Since childhood, she’d loved to watch her father bait fishhooks. His long hands were careful and slow and the deliberateness of his touch delighted her. Not like her — she’d been falling over herself since puberty. Invariably she felt like a nuisance underfoot. She missed the neat quick grace of childhood. Whatever synthesis produced her from her mother’s and her father’s body, she couldn’t now imagine. Her father’s laughter was musical — her mother’s and her own like the braying of an ass. She secretly decided her mother had been cheating on him with someone else when she was conceived.

Until adolescence she’d been a precious little thing — then a hostile barrage of hormones turned her into somebody she didn’t even recognize: braces, knobby knees, confused skin, rebellious hair.
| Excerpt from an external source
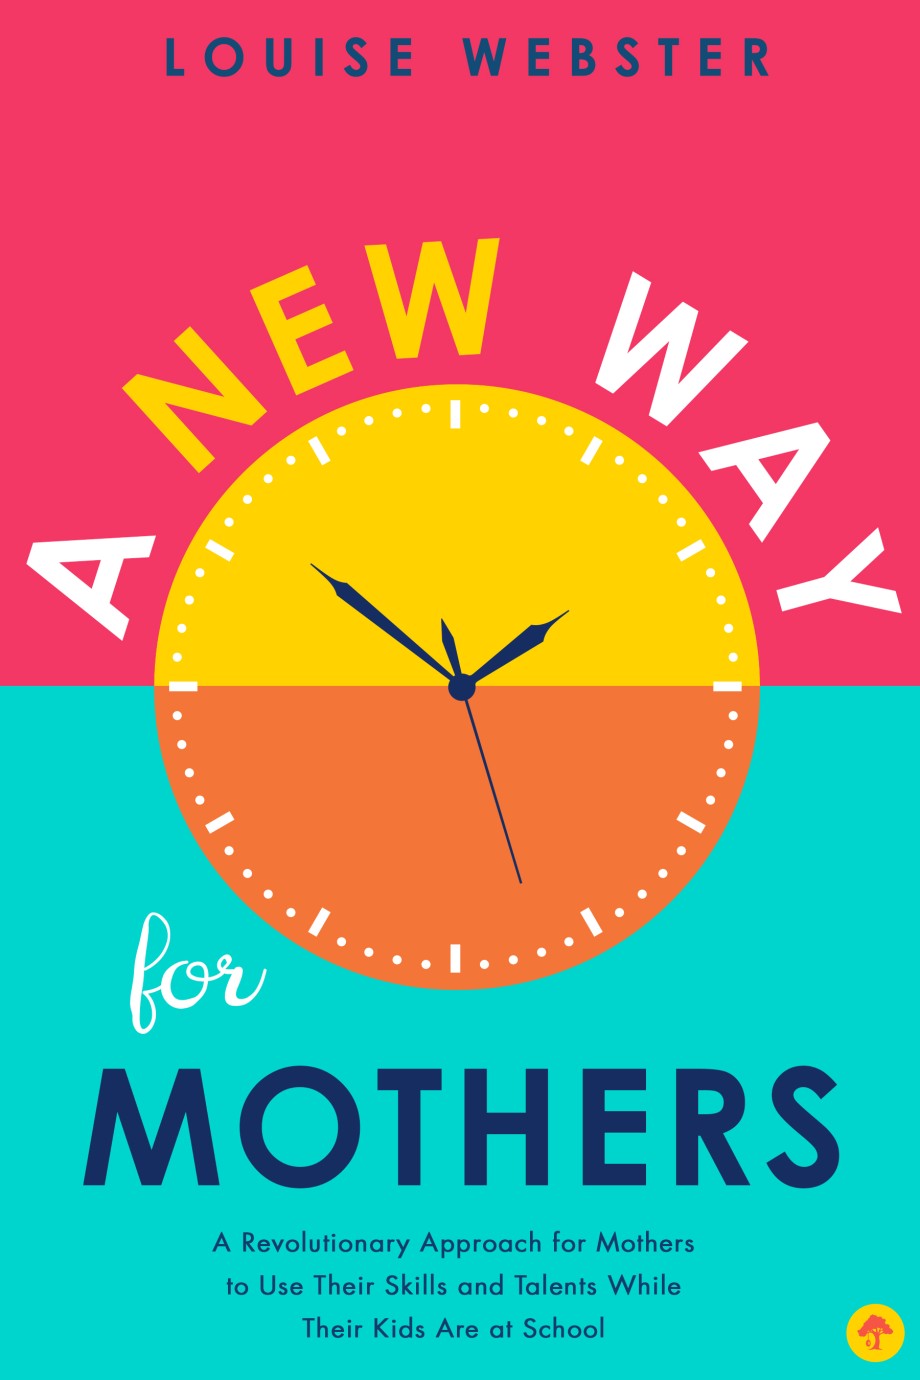 New Way for Mothers A Revolutionary Approach for Mothers to Use Their Skills and Talents While Their Children Are at School

To call her a girl was a misnomer of the highest magnitude. Something dark had entered the world along with her own blood the first time she got her period.
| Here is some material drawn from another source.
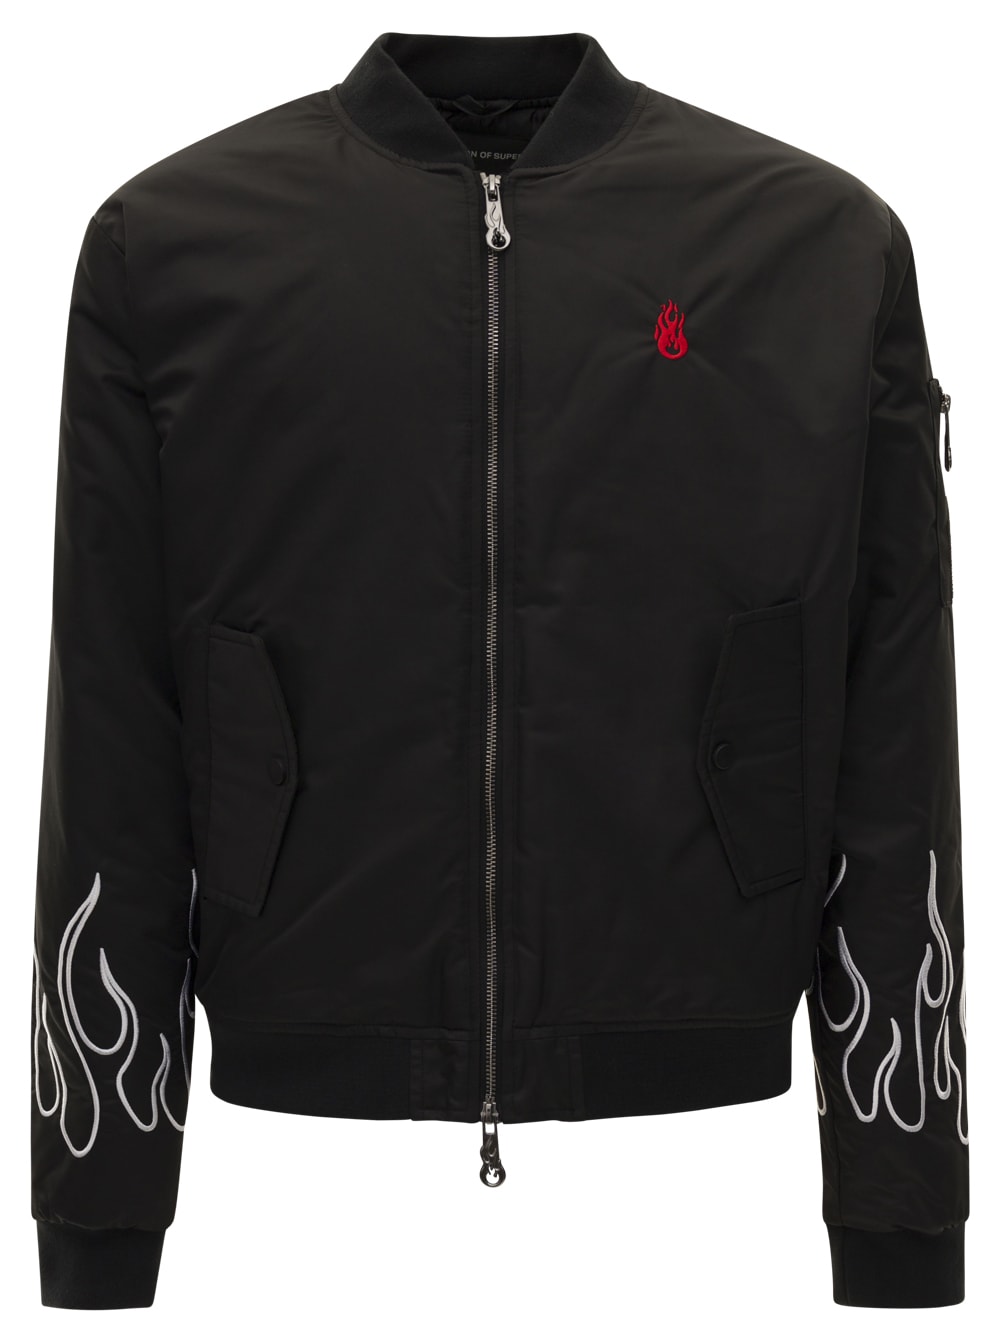 Black Bomber With White Flames Embroidery Man Vision Of Super

Once, in high school, her father had walked in her room without knocking and caught her masturbating; what a shame, he said, if you didn’t have so many pimples you might be able to get a boy to do that for you. His mind, like his body — like his heart — was angular; without softness; without love — he wouldn’t give her a second chance. The walls had zoomed in and out like they were breathing. She remembered the dress she wore, white with red and blue sailboats. Just like a ship being launched, only she kept running aground.

To this day, she wore only plain pearls, believing her skin too pasty to carry color. The only exotic thing about her was the color of her hair. Her hair was the color of rust; decaying iron. Growing up, her father never told her how pretty she was. But one night after a bad dream he took her back to her bed and rubbed her back.
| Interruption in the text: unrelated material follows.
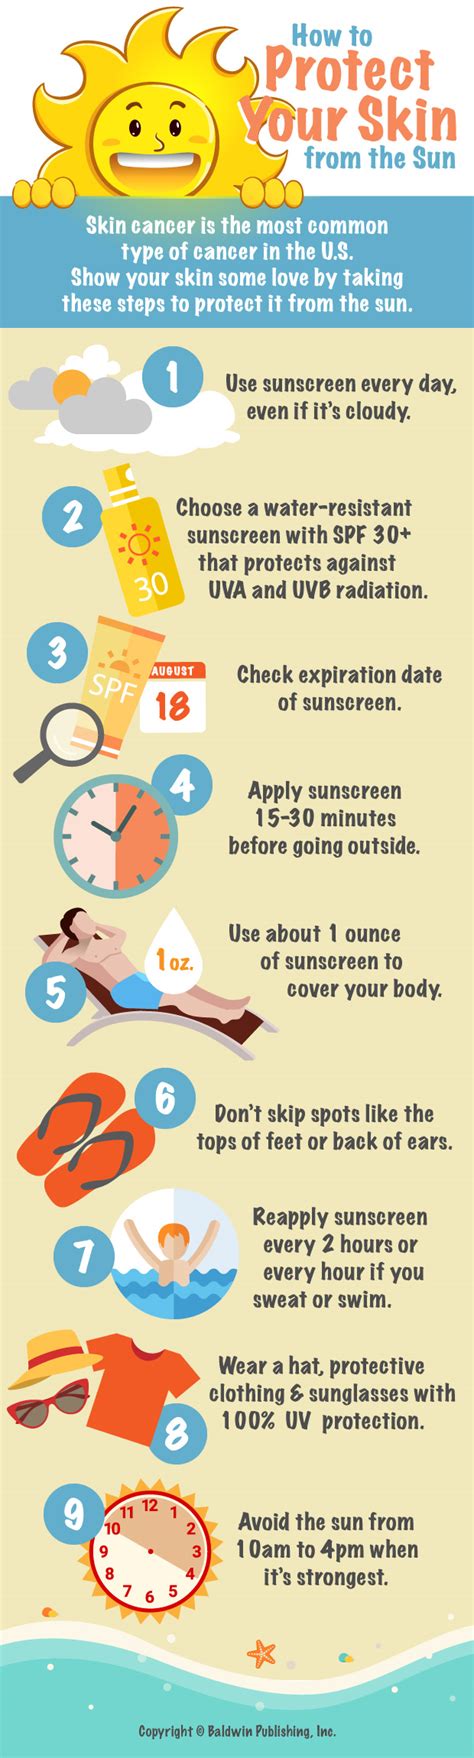 How To Protect Your Skin From The Sun Gundersen Health System

Woken in the middle of the night like that, he was a different person, wordless and gentle. He’d held her so tight she couldn’t inhale. His silent, bulky warmth radiated through her and she wasn’t scared of anything. Everything in her room was painted either blue or green — how was painting any different than telling a story? He started rubbing her arm below the elbow; she was his. She wanted him to touch her underneath her nightgown but he didn’t. It made her feel awful to remember that now.

 

The TV was on with the volume turned down, and she was tracking Naomi on a grocery bag chart. She perched stiff on the couch, uncomfortable in her ragged cutoff shorts. Her father took a chair from the dining table and sat on it turned backwards, leaning toward her, his big perfect hands hanging over the chair’s back, his legs spread out like a cowboy’s. The dog growled from under the table.

“If you died right now,” he said, “you would go straight to Hell because you haven’t accepted Jesus Christ as your personal savior.” Pop loved his simple theories. He loved his cut-and-dried formulas. From the time her mother had died, her father had become born again and worried far too much about the condition of Ella’s immortal soul.

“How do you know?” she asked. “Isn’t God the only one who can judge a person?”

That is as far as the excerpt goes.